INPUT Start Marker

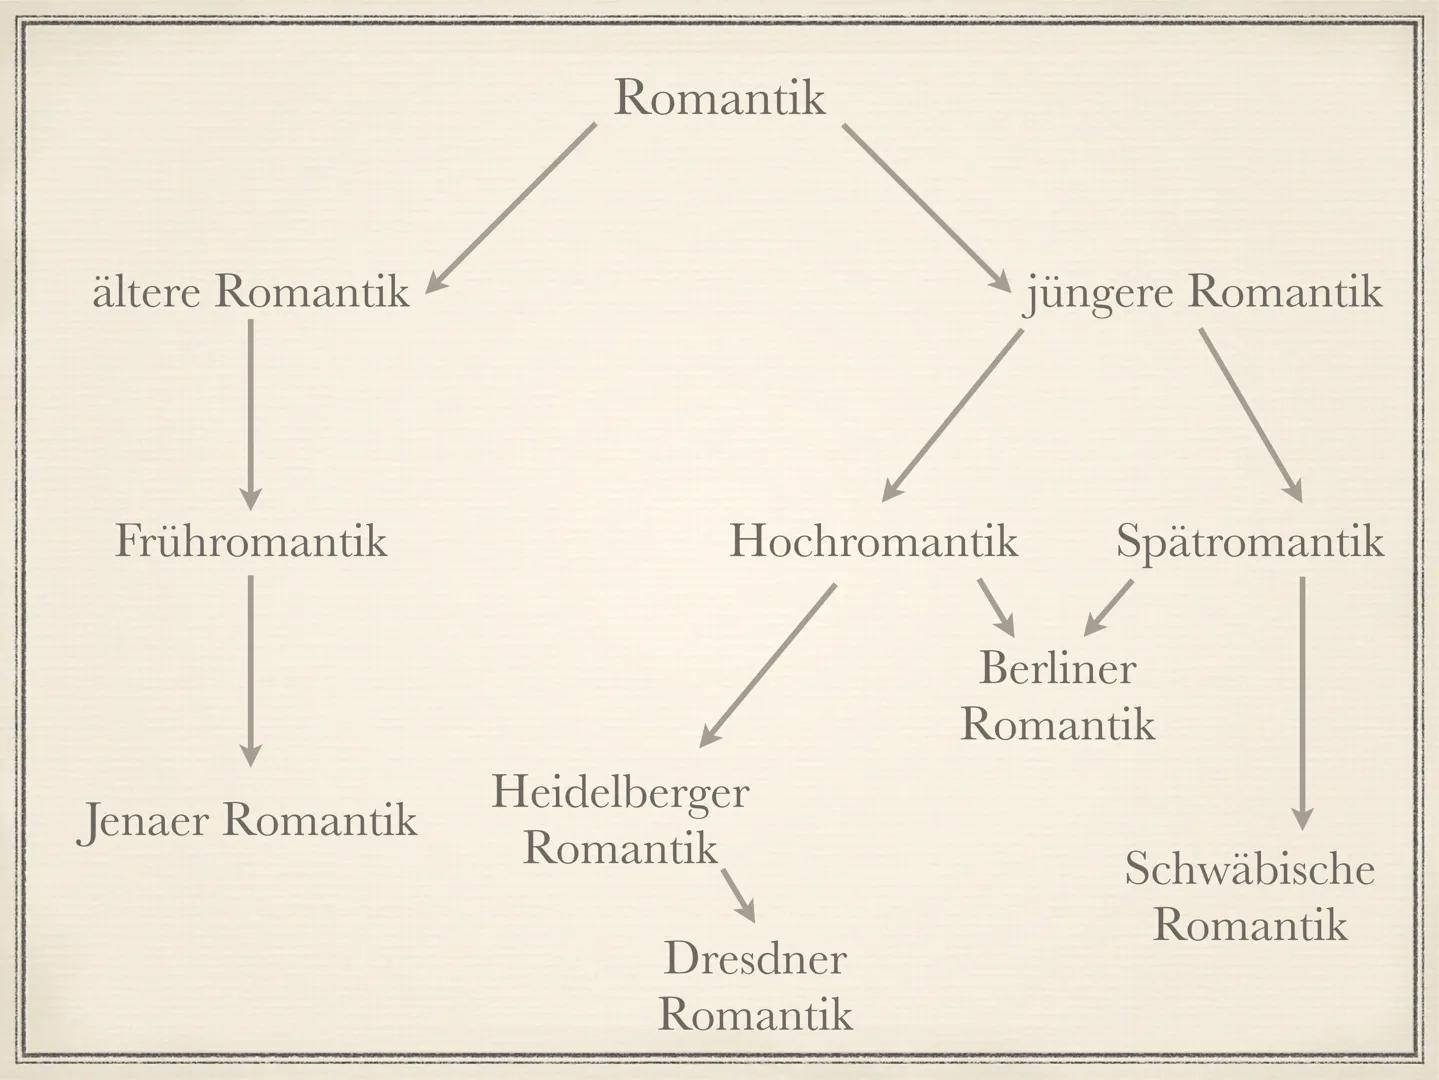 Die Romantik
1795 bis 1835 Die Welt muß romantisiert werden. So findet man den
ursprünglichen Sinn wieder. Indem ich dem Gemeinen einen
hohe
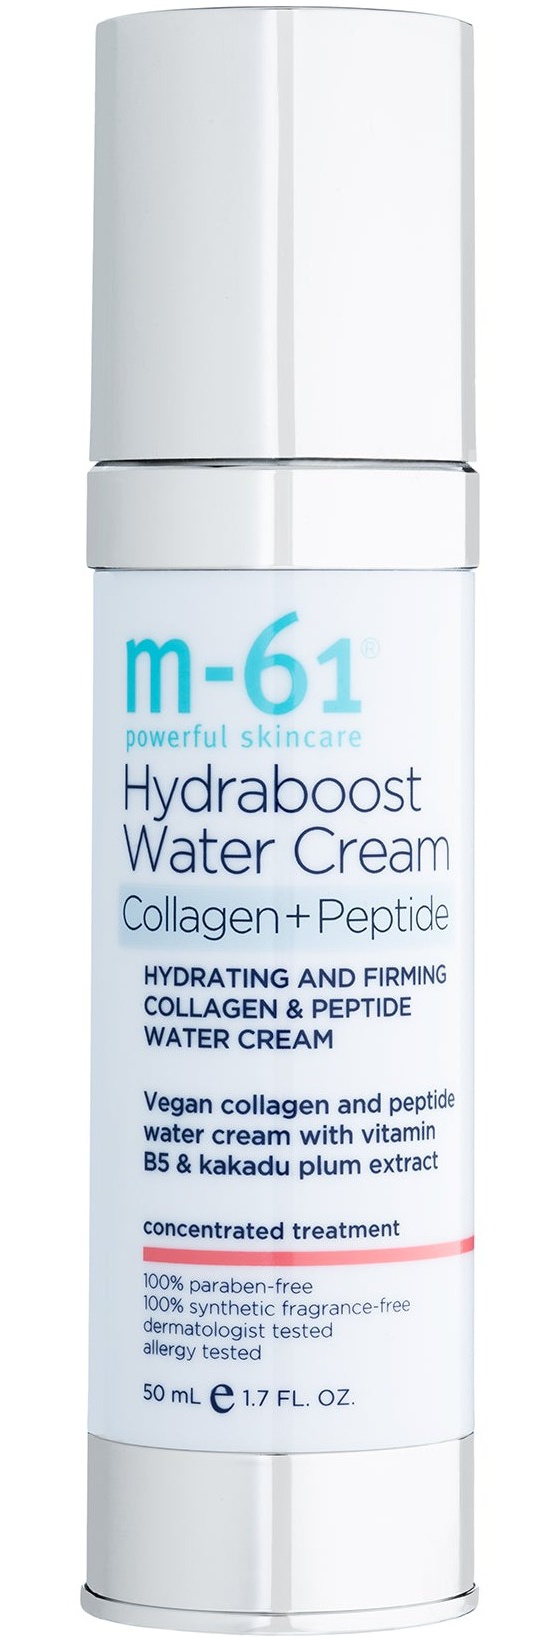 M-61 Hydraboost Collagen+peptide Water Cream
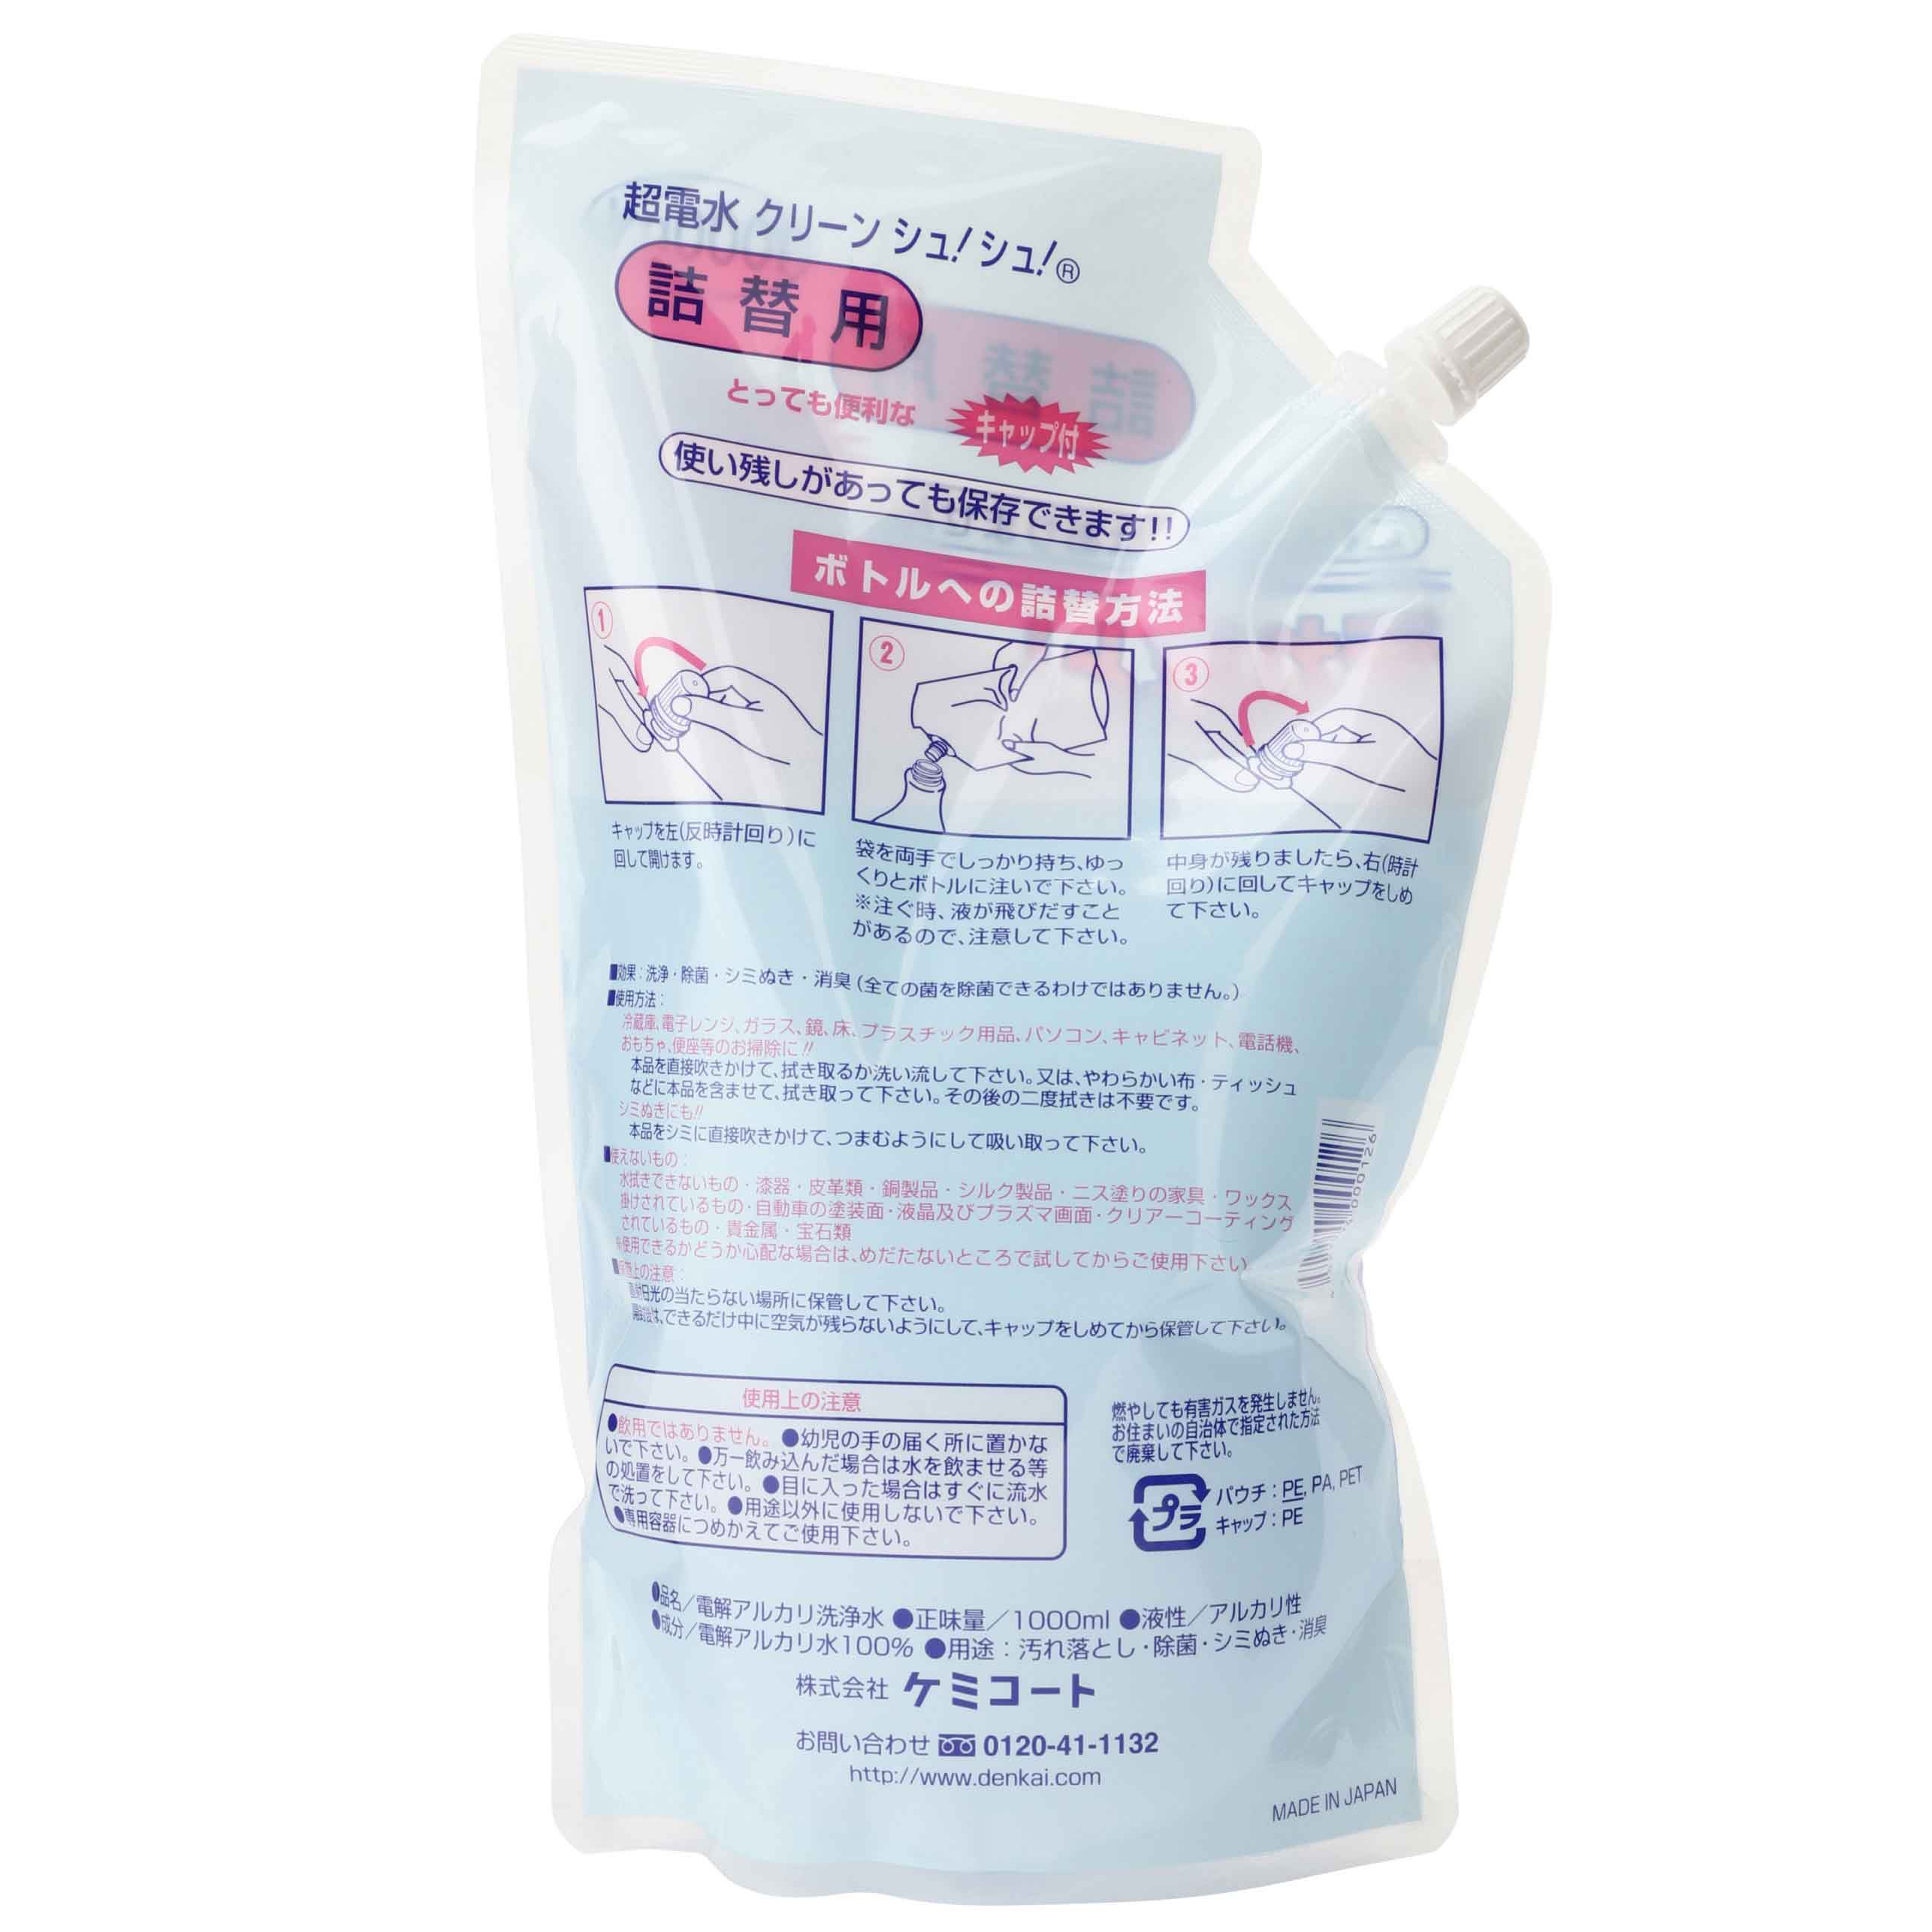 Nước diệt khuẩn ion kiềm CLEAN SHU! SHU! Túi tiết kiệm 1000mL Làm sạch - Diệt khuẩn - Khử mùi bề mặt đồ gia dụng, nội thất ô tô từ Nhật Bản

INPUT End Marker

■ **REQUIRED ACTION**
Pictures aside, retype the material exactly.

■ **RESPONSE AREA**
 Die Romantik
1795 bis 1835 Die Welt muß romantisiert werden. So findet man den
ursprünglichen Sinn wieder. Indem ich dem Gemeinen einen
hohe
 M-61 Hydraboost Collagen+peptide Water Cream
 Nước diệt khuẩn ion kiềm CLEAN SHU! SHU! Túi tiết kiệm 1000mL Làm sạch - Diệt khuẩn - Khử mùi bề mặt đồ gia dụng, nội thất ô tô từ Nhật Bản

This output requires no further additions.